M

M. K. A. Siddiqui

192928 July 2022

20 books found

Prof. (Dr.) Mohammad Khalil Abbas Siddiqui (born 1929) remains a foundational pillar in post-independence Indian sociology and anthropology, celebrated for his pioneering empirical research on urban minorities, social stratification, and vulnerable indigenous populations. Beginning his academic journey in classical literature, he earned a degree in Persian and a first-class-first Master’s in Urdu from Calcutta University before pivoting to the social sciences, where he completed a second Master’s and a Ph.D. in Anthropology. This rare socio-linguistic grounding uniquely equipped him for a brilliant three-decade career at the Anthropological Survey of India starting in 1953, followed by a Senior Fellowship with the Indian Council of Social Science Research (ICSSR) in 1988, and a tenure as Research Professor at Kolkata's historic Asiatic Society in 1994. Dr. Siddiqui's most transformative contribution to South Asian scholarship was his rigorous dismantling of the myth of a monolithic, homogeneous Muslim community.
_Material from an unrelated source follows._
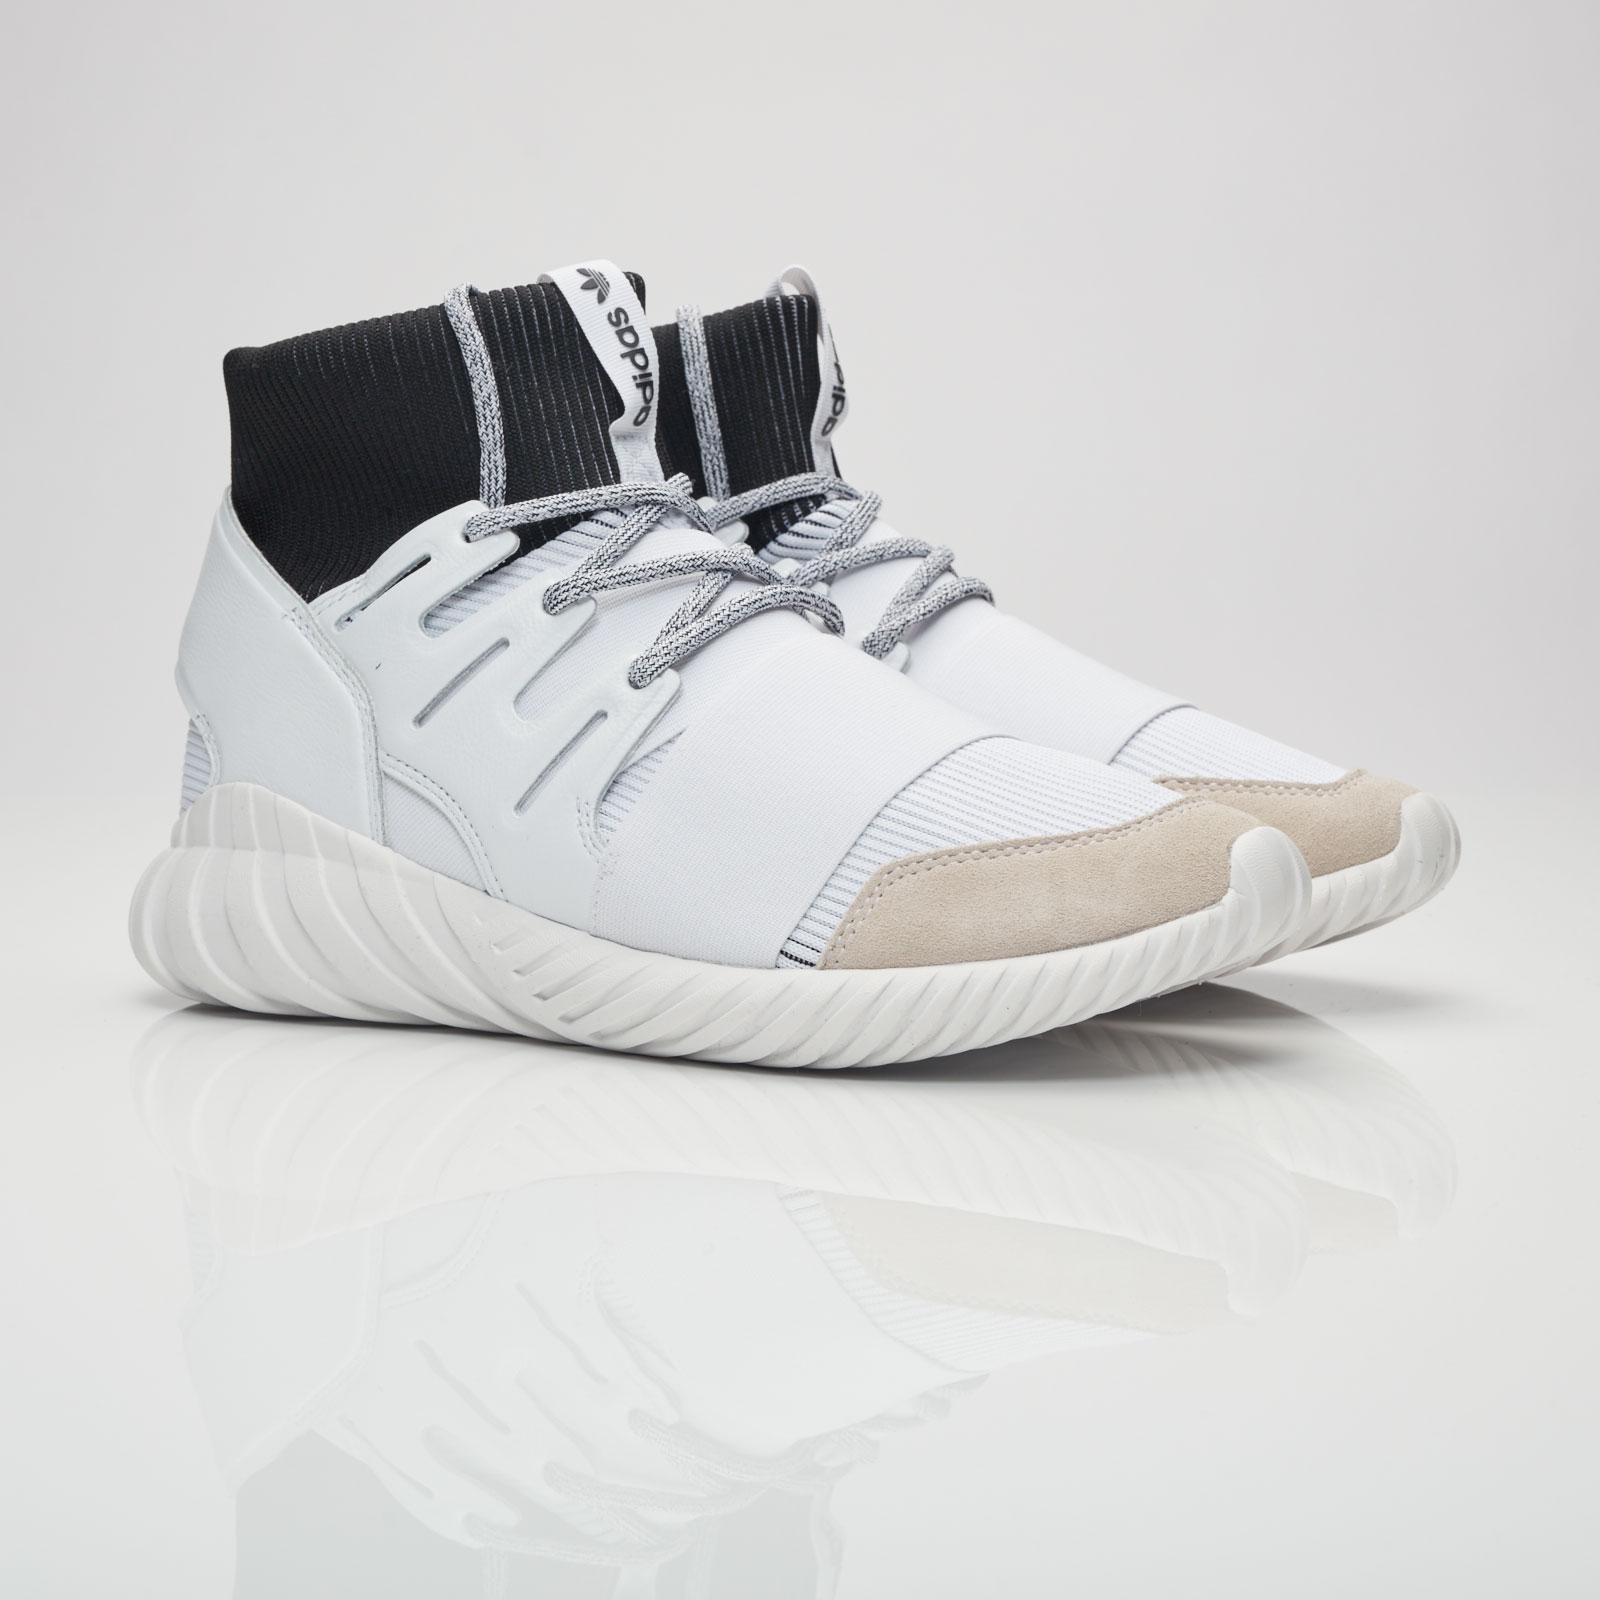 big sale 557ed 66ec7 adidas Tubular Doom - Ba7554 - Sneakersnstuff | sneakers ...

In his landmark 1974 ethnography, Muslims of Calcutta: A Study in Aspects of Their Social Organisation, he documented over 60 distinct endogamous groups within the city, revealing that while Islamic theology is egalitarian, South Asian Muslim society functionally adapted local Hindu social structures, resulting in internal caste-like hierarchies based on occupation, lineage, and endogamy. He expanded this structural critique in his 2004 book, Marginal Muslim Communities in India, and Inter-Community Relations, fiercely advocating for the socio-economic upliftment of ultra-marginalized groups decades before their struggles were recognized by official state panels like the Sachar Committee. Beyond urban centers, Dr. Siddiqui dedicated immense energy to tribal ethnography, co-authoring authoritative monographs such as The Didayi: A Forgotten Tribe of Orissa and writing Hindustan ke Adivasi to document how primitive cultures navigated modern economic displacement and religious assimilation. Authoring over 34 books and 150 scientific papers, including his global demographic masterwork, An Encyclopedic Compendium of Muslim Communities in the World, his prolific legacy continues to serve as an indispensable roadmap for modern researchers analyzing the intricate intersections of religion, caste, and class across the Indian subcontinent.